▸ **Exercise objective**
An unchanged copy of all the lines below is expected, and it should contain no pictures.

▸ **Dataset section**
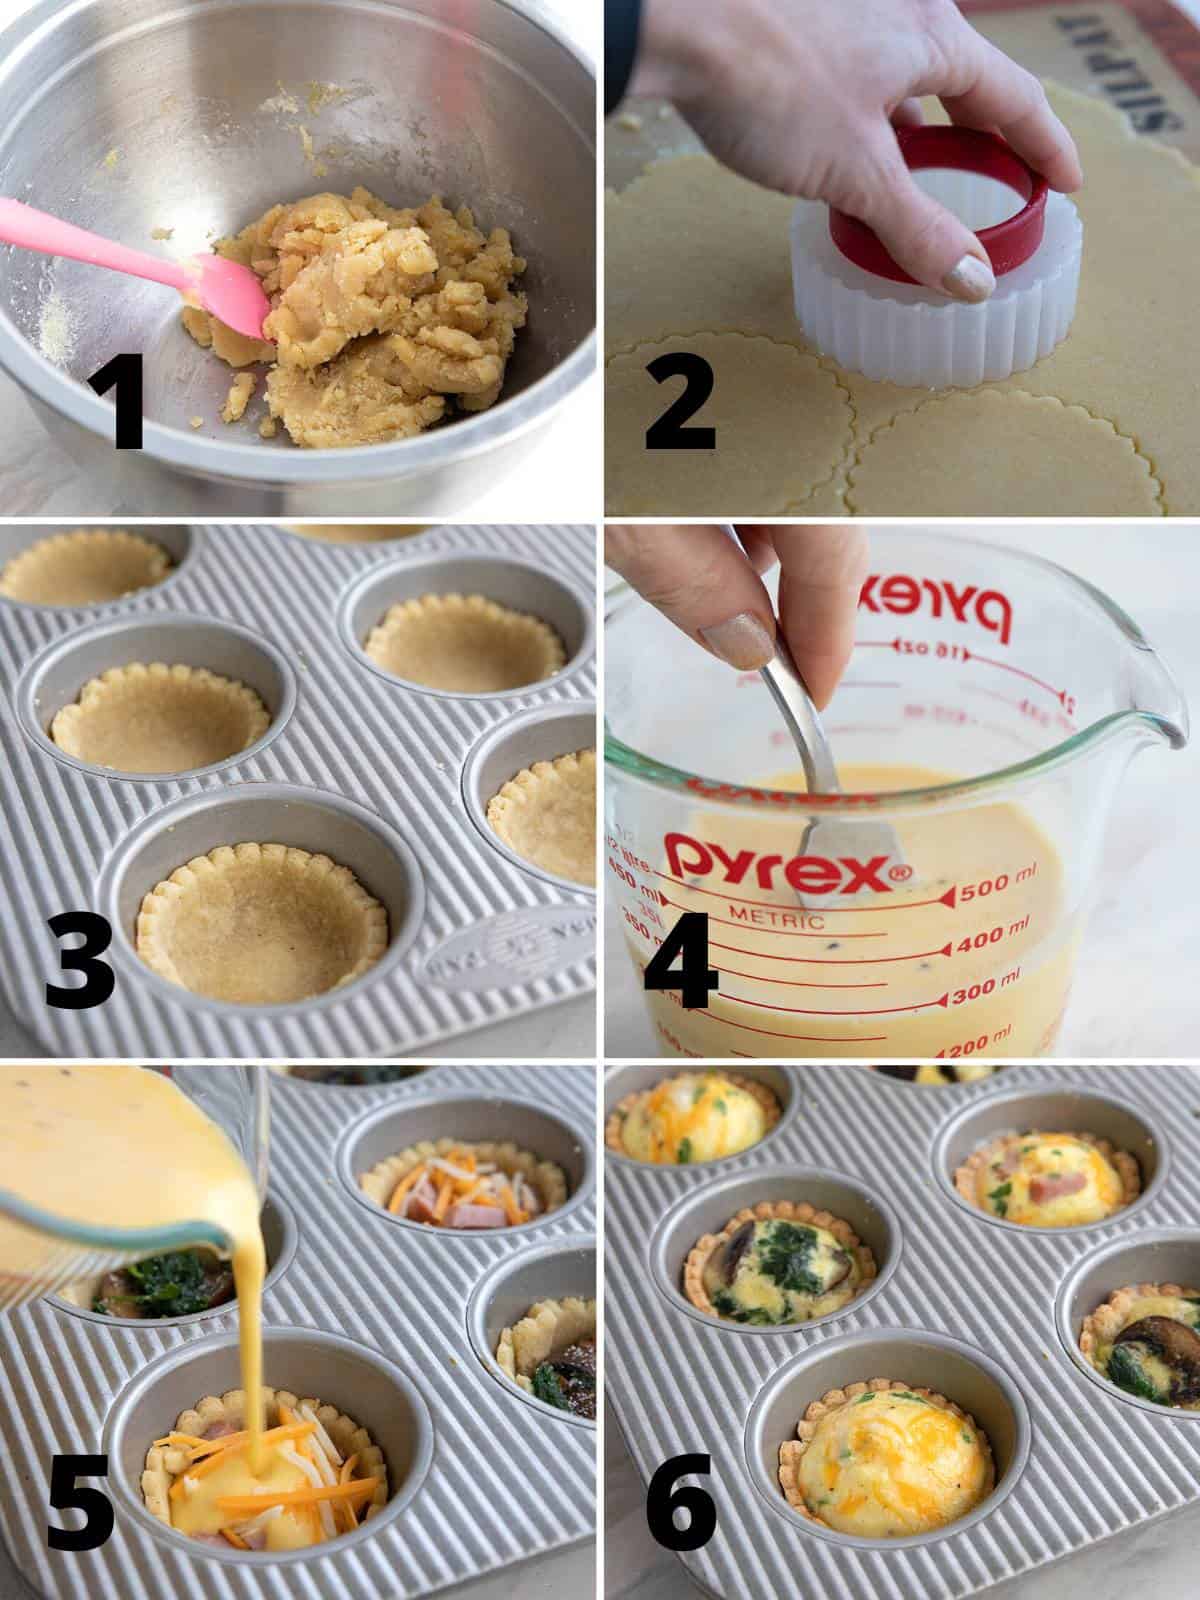 6 images showing the steps for making Keto Mini Quiche.
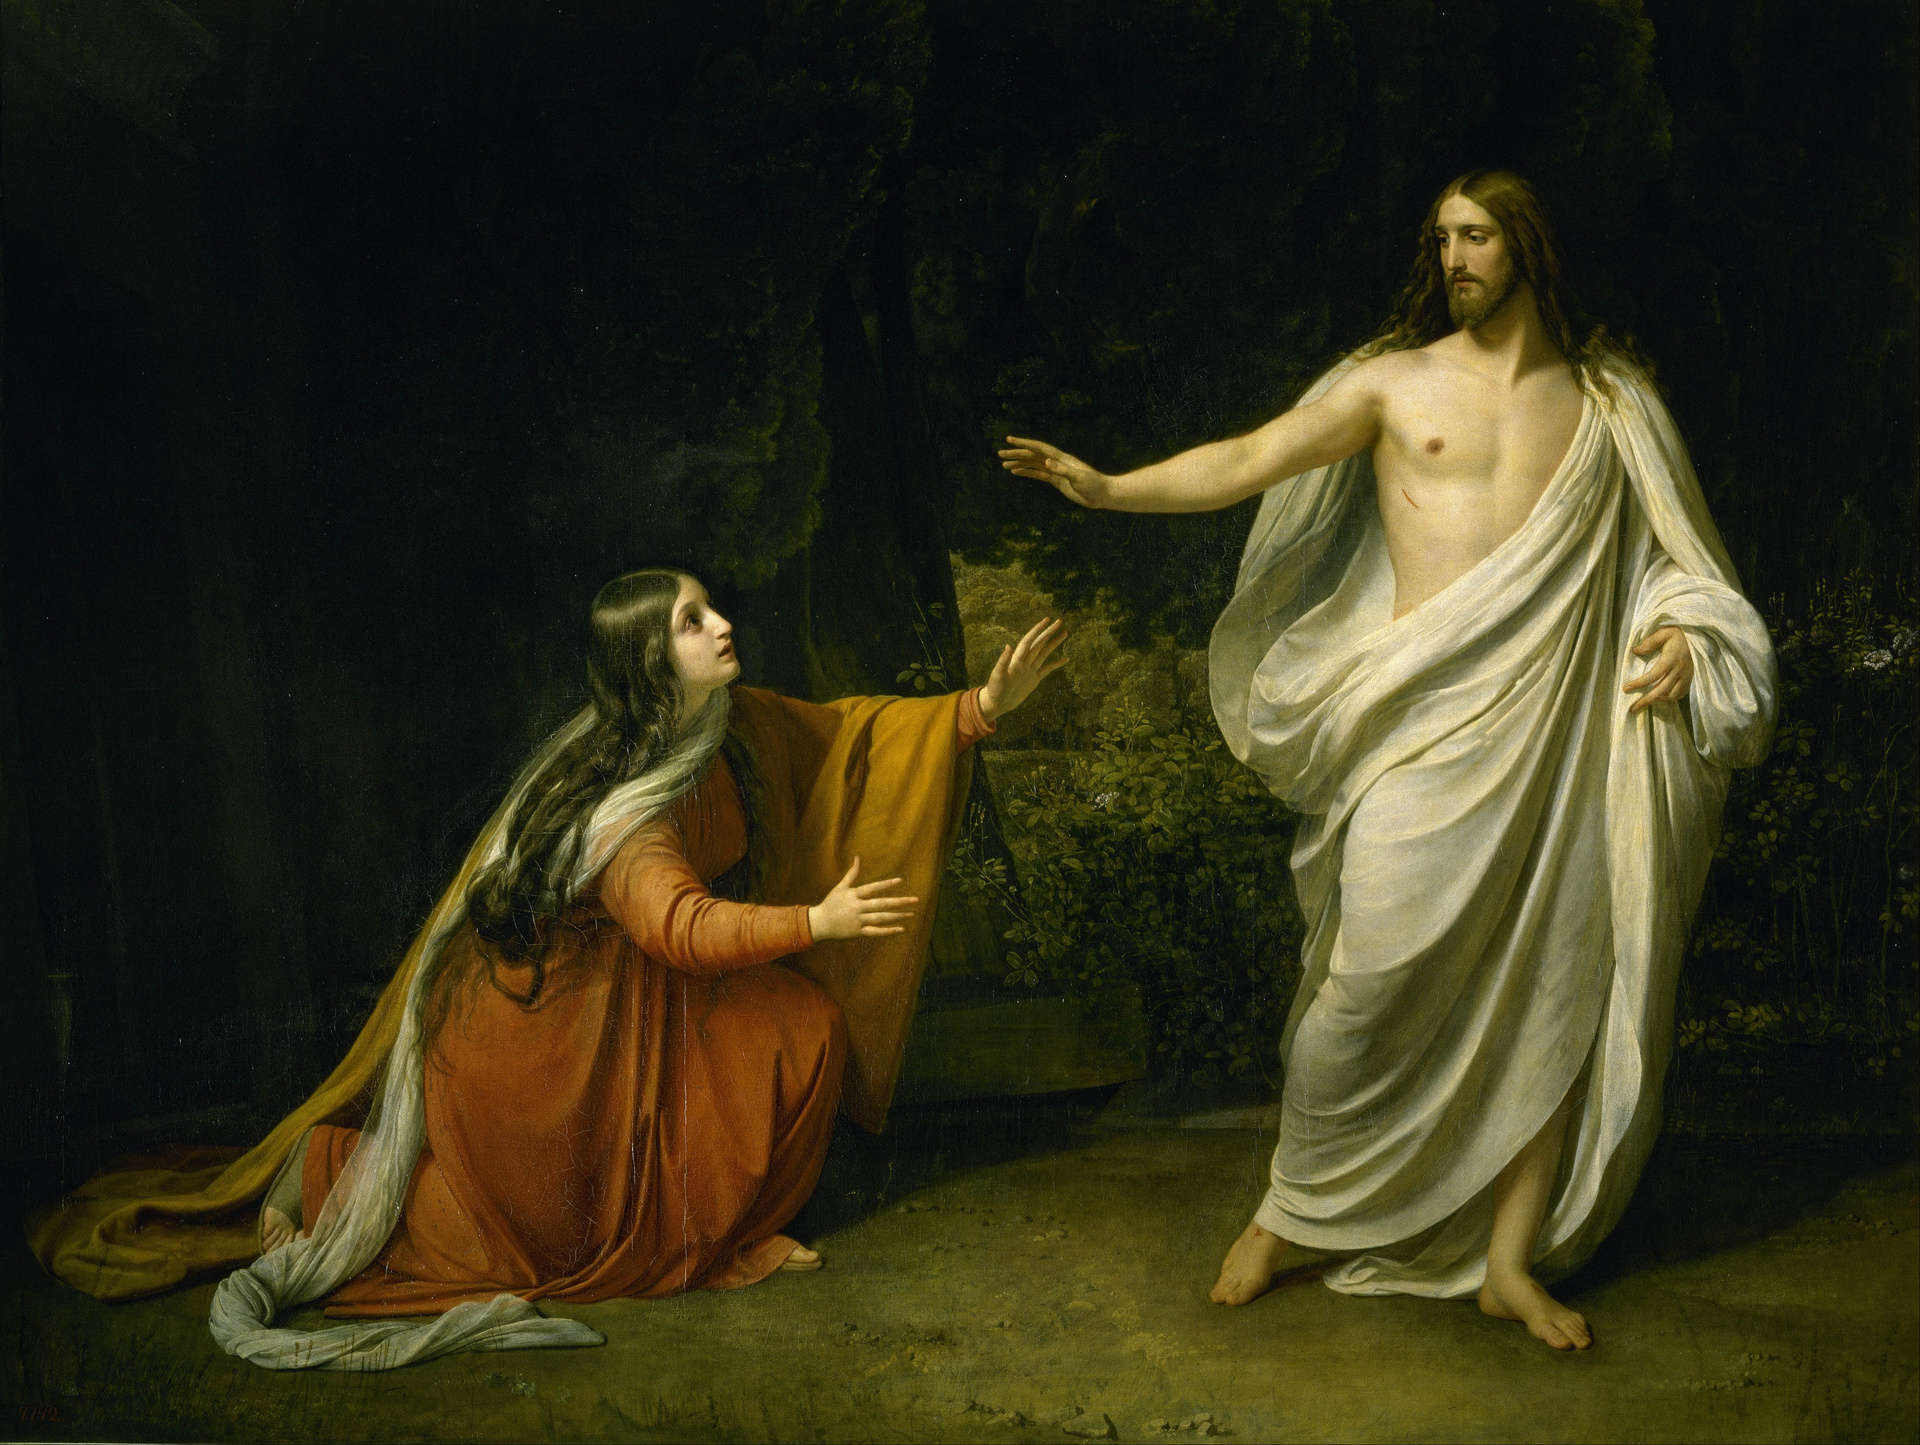 Painting of Jesus and Mary Magdalene
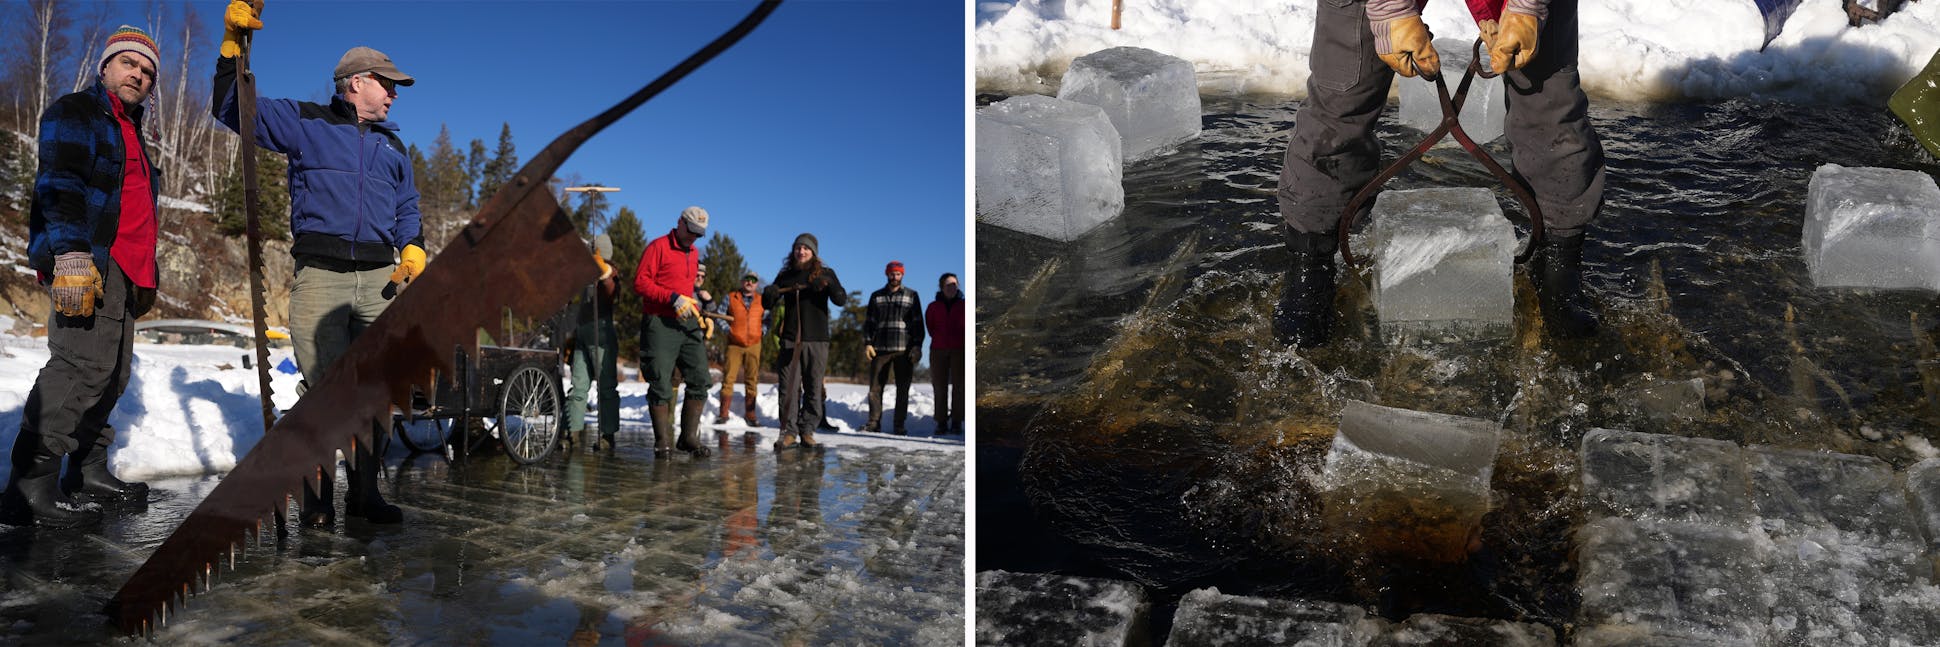 Left: Friends of Will Steger used hand saws to cut all the way through the ice on Pickett's Lake at the Steger Wilderness Center for the annual Ice Ball ice harvest on Feb. 3. Right: Participants pulled blocks of ice from the lake.

▸ **Result for this task**
 6 images showing the steps for making Keto Mini Quiche.
 Painting of Jesus and Mary Magdalene
 Left: Friends of Will Steger used hand saws to cut all the way through the ice on Pickett's Lake at the Steger Wilderness Center for the annual Ice Ball ice harvest on Feb. 3. Right: Participants pulled blocks of ice from the lake.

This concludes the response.